Quiet loner or racist monster -- who is Charleston suspect?

AFP
Jun 19, 2015 06:51 MYT
Roof was quiet and introverted -- a soft-spoken loner, one narrative says. - AFP Photo
A week ago, Dylann Roof is said to have bragged that he wanted to kill a bunch of people.
But the skinny 21-year-old high school dropout with a boyish bowl-style haircut -- and a menacing, dead-eyed scowl, at least in a photo on Facebook -- apparently has a dry wit.
So no one paid attention.
In the end, Roof -- middle name Storm -- seems to have been very, very serious.
The South Carolina man was to appear in court Friday, charged with nine counts of murder in a shooting rampage in an historic African American church in Charleston. Roof is white; the victims were all black.
Conflicting descriptions are emerging of the latest protagonist in a mass shooting in racially tense, gun-crazed America.
Roof was quiet and introverted -- a soft-spoken loner, one narrative says.
No, he was a bomb waiting to go off, bristling with hatred -- a calculating believer in racial segregation. Indeed, he wanted to kill blacks to stir up another war, says the opposing one.
An uncle of Roof, Carson Cowles, is quoted as saying Roof's paroxysm of violence at Emanuel African Methodist Episcopal Church came out of the blue.
Cowles said he got word to turn on the television Thursday when Roof was identified in surveillance footage from outside the church as the suspect in the shooting.
Roof allegedly sat in on a Bible study class for an hour before opening fire on the worshippers around him, and left some alive to tell about it afterwards.
"I watched it for 10 minutes, trying to convince myself this is just a nightmare, and I need to wake up," Cowles was quoted as saying in the Los Angeles Times.
"None of us saw it coming, but here we are, and there's no turning back," said Cowles.
But Roof himself told investigators he wanted to start a race war, one law enforcement official told CNN Friday.
'Flat out' warning of plan
Friends of Roof say he had in fact talked of killing -- and even said when and where.
Christon Scriven, who is black, says Roof warned last week that on Wednesday -- the exact day of the shooting, in the end -- he wanted to kill people at a local college.
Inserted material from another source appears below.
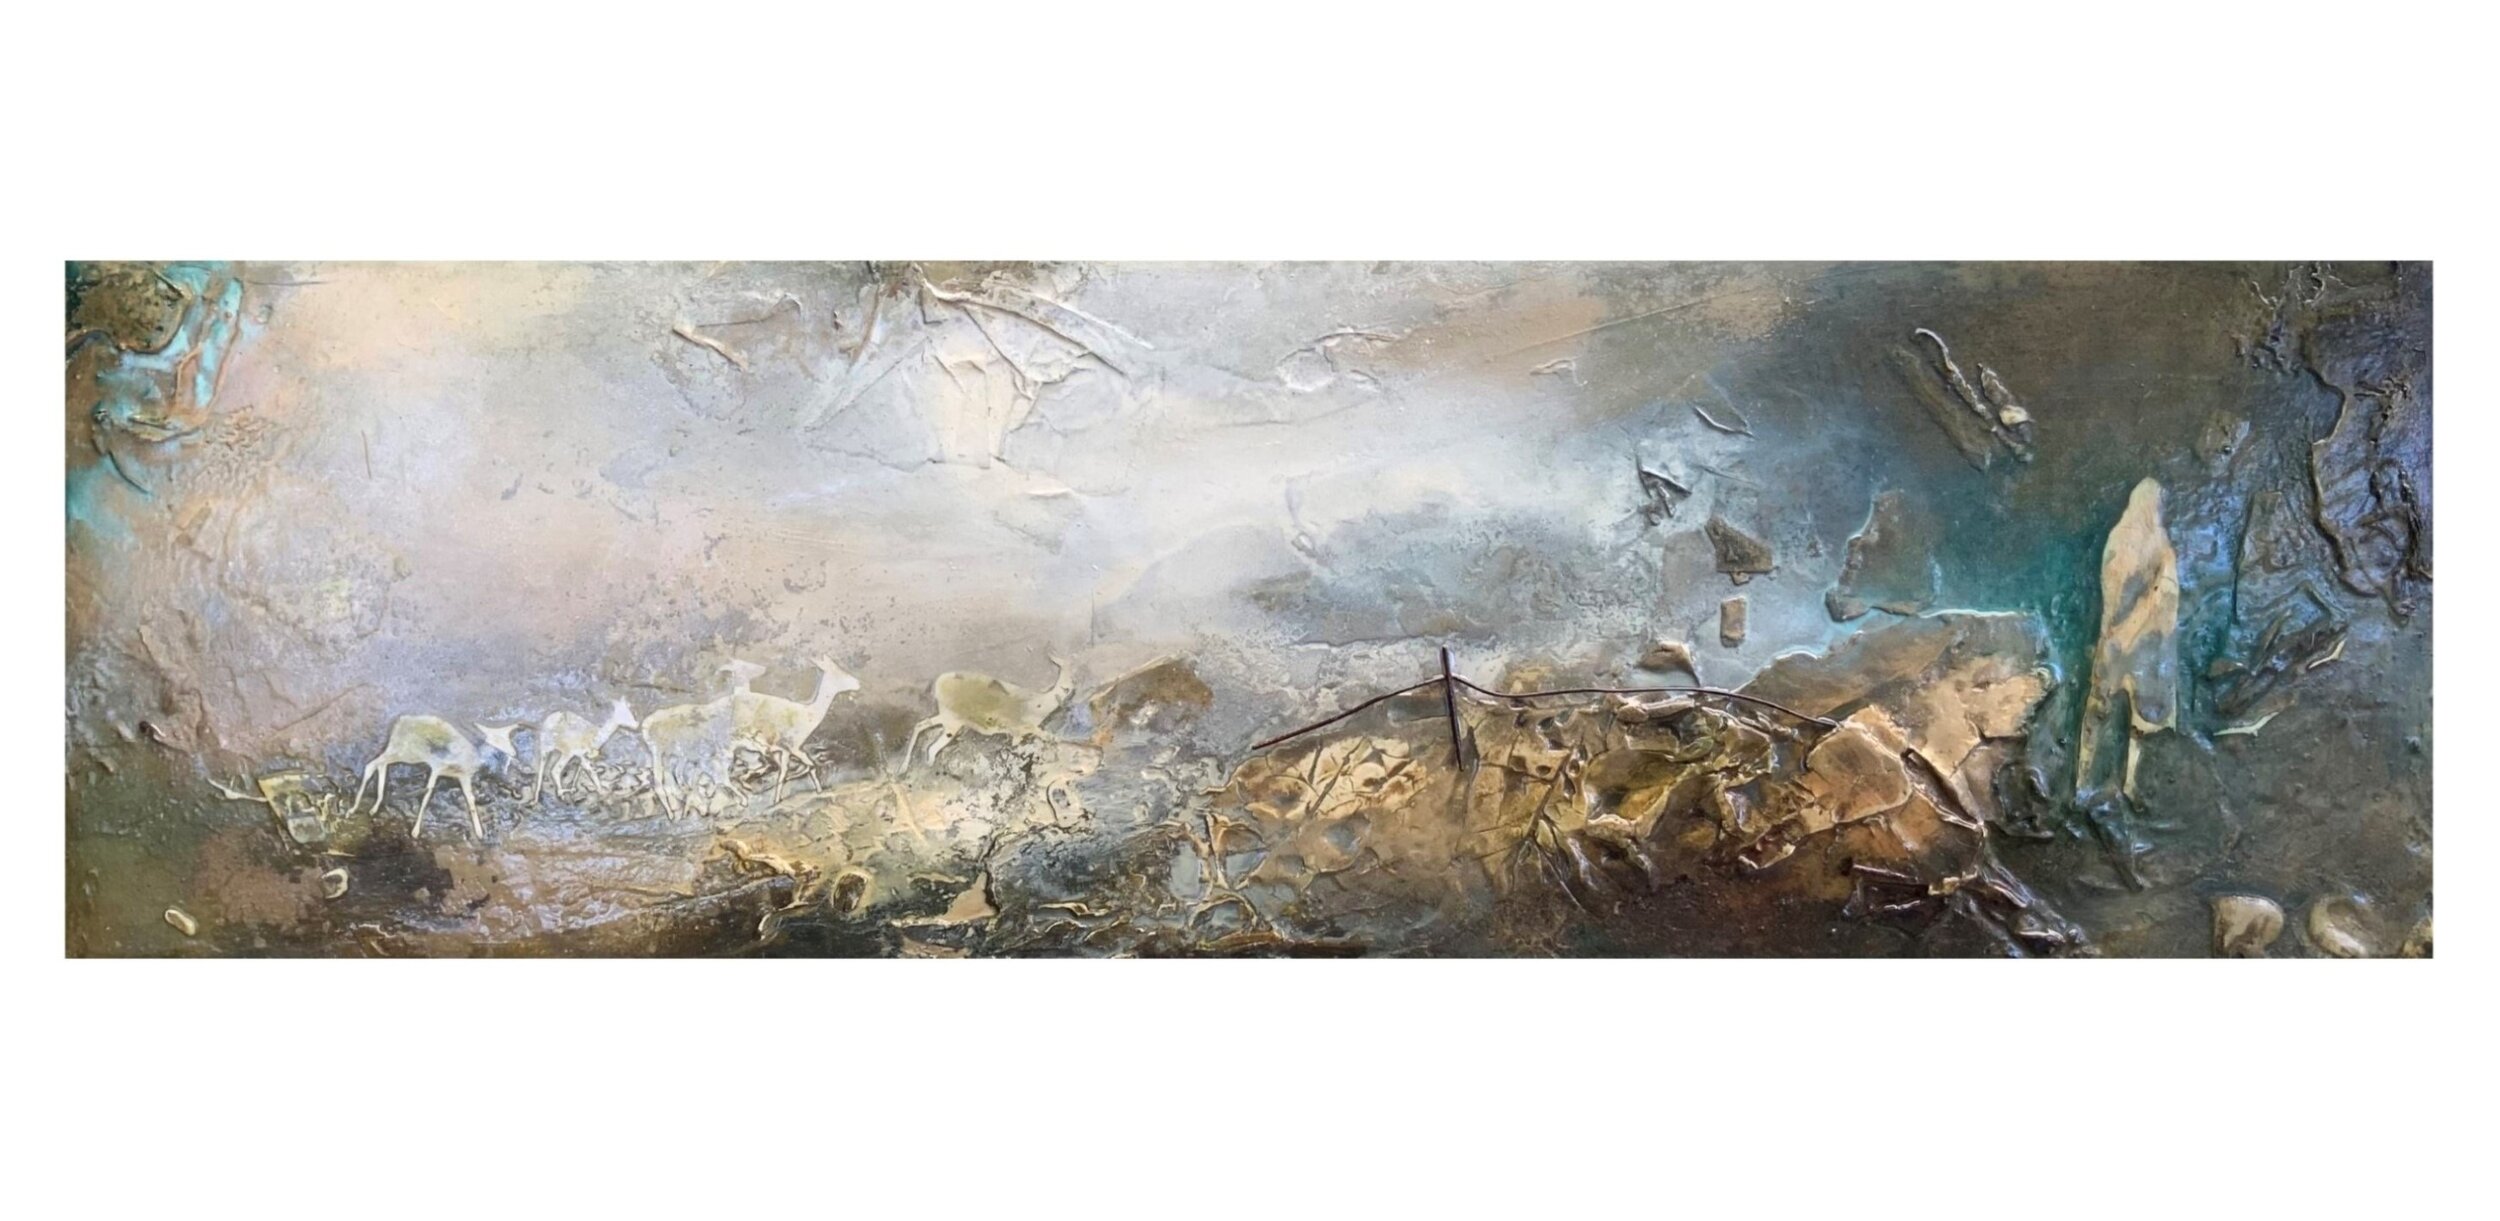 While Shepherds Watch - Mixed Media on Board - 30x100cm

"He flat out told us he was going to do this stuff," Scriven told the New York Daily News. "He's weird. You don't know when to take him seriously and when not to."
Only the location of the killing turned out to be different.
Roof's roommate at the trailer park where they lived in the city of Lexington -- outside the state capital Columbia -- said he had been planning something awful.
"He was big into segregation and other stuff," Dalton Tyler said.
"He said he wanted to start a civil war. He said he was going to do something like that and then kill himself."
But Joey Meek, a childhood friend of Roof, said he had black friends and was not in the habit of disparaging African Americans.
"He never said the n-word, he never made racial slurs, he never targeted a specific black person," Meek told ABC News. "He never did any of that, so it was just pretty much a shock."
But the time prior to Roof's alleged murder spree does suggest he was a troubled, biased person.
In a picture on his Facebook page, he is seen wearing a patch with the flag of apartheid-era South Africa and another of the flag of Rhodesia, the white-ruled country that eventually became Zimbabwe.
Roof dropped out of high school and was once arrested for possessing a drug used to treat addiction to opiates, news reports said.
His uncle was quoted as saying that in April, Roof got a .45 Glock gun from his father as a birthday present.
Two weeks ago, Roof went on a drunken rant about segregation and killing people, Meek said.
Meek took the gun away from Roof but gave it back the next day, he told the Daily News.
"I only took it away because he was drunk. I didn’t take him seriously," Meek said. "I do feel a little guilty because I could have let someone know."